Other Conditions and Restrictions
The registered person is eligible to opt for the Scheme if such person is ––
- Not engaged in the supply of services (other than supplies referred to in clause (b) of paragraph 6 of Schedule II^);
- Not engaged in making any supply of goods which are not leviable to tax under the Union Act;
- Not engaged in making any ‘inter-State’ outward supplies of goods;
- Not engaged in making any supply of goods through an ‘electronic commerce operator’ (required to collect tax at source under section 52); and
- Not a manufacturer of such goods as may be notified by the Government on the recommendations of the GST Council.
Where more than one registered persons are having the same Permanent Account Number ‘PAN’ (issued under the Income Tax Act 1961), the registered person cannot be eligible to opt for the Scheme unless all such registered persons opt to pay tax accordingly.
^‘Composite supply’ by way of or as part of any service or in any other manner whatsoever, of goods, being food or any other article for human consumption or any drink (other than alcoholic liquor for human consumption), where such supply or service is for cash, deferred payment or other valuable consideration.
Quarterly GST Returns
***A registered person who has opted to pay tax under the Scheme from the beginning of a financial year, is required to furnish the details of outward and inward supplies and return under rule 1, rule 2 and rule 3 relating to the period during which the person was liable to furnish such details and returns till the due date of furnishing the return for the month of September of the succeeding financial year or furnishing of annual return of the preceding financial year, whichever is earlier.
Scheme Option Lapse
The Scheme option availed of by a registered person will lapse with effect from the day on which the said aggregate turnover during a financial year exceeds the limit specified (i.e. current limit of Rs.50 lacs).

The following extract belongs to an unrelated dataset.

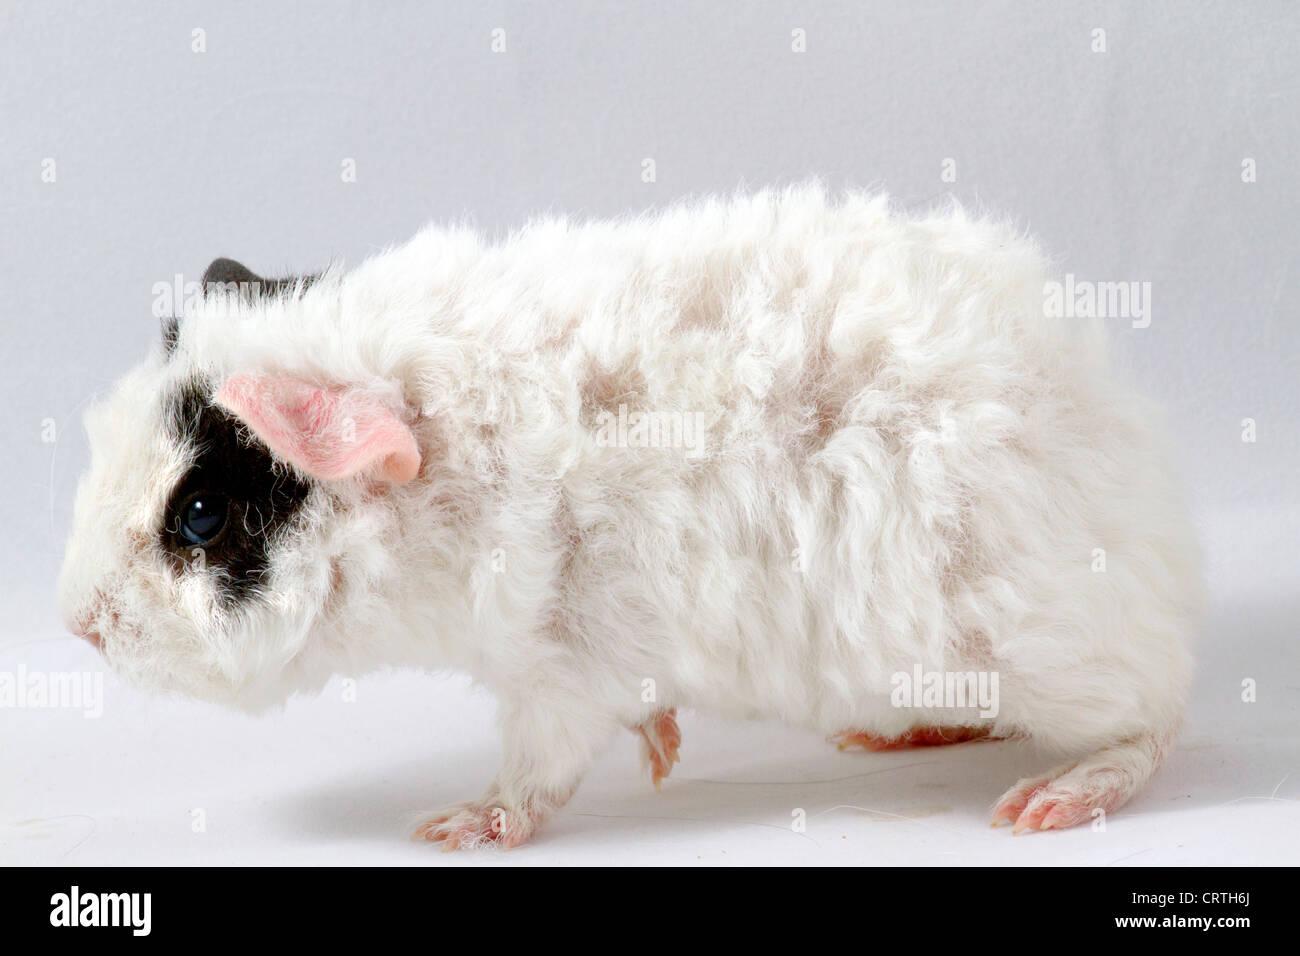 Merino baby guin - Stock Image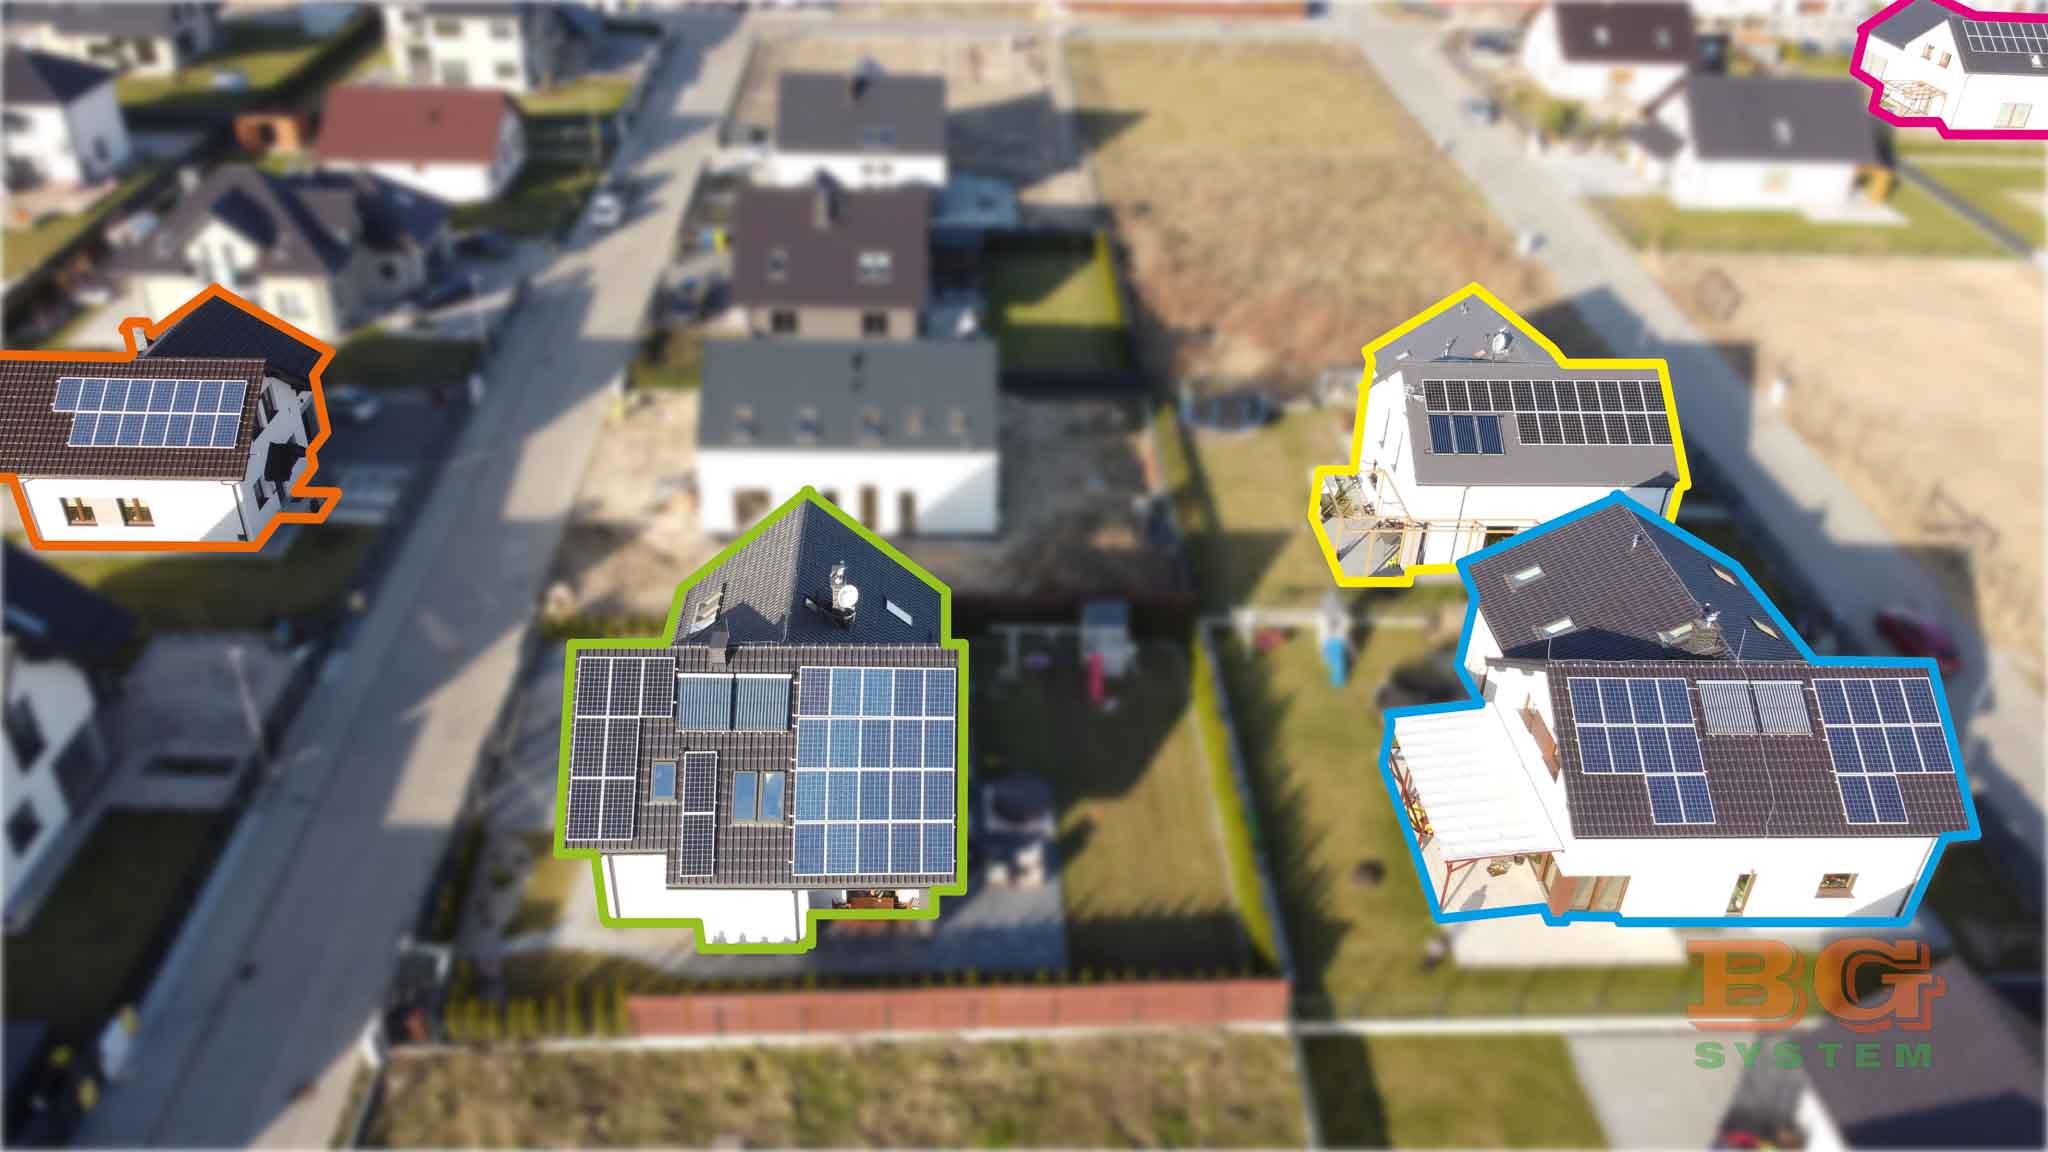 PONE Zabrze – zdjęcie z drona, przedstawiające 5 domków z naszą instalacją

Non-collection of Tax and ITC Ineligibility
A taxable person under the Scheme is prohibited from collecting any tax from the recipient on supplies made by such person and neither is such person entitled to any credit of ‘input tax’ paid.
Availing Scheme by Ineligible Person and Penalty
Where the ‘proper officer’ has reasons to believe that a taxable person has paid tax under the Scheme despite ineligibility, such person in addition to any tax that may be payable under any other provisions of the Union Act, will be liable to a penalty and the following provisions will apply mutatis mutandis for determination of tax and penalty —
- Section 73 (Determination of tax not paid or short paid or erroneously refunded or input tax credit wrongly availed or utilised for any reason other than fraud or any wilful misstatement or suppression of facts) or
- Section 74 (Determination of tax not paid or short paid or erroneously refunded or input tax credit wrongly availed or utilised by reason of fraud or any wilful misstatement or suppression of facts).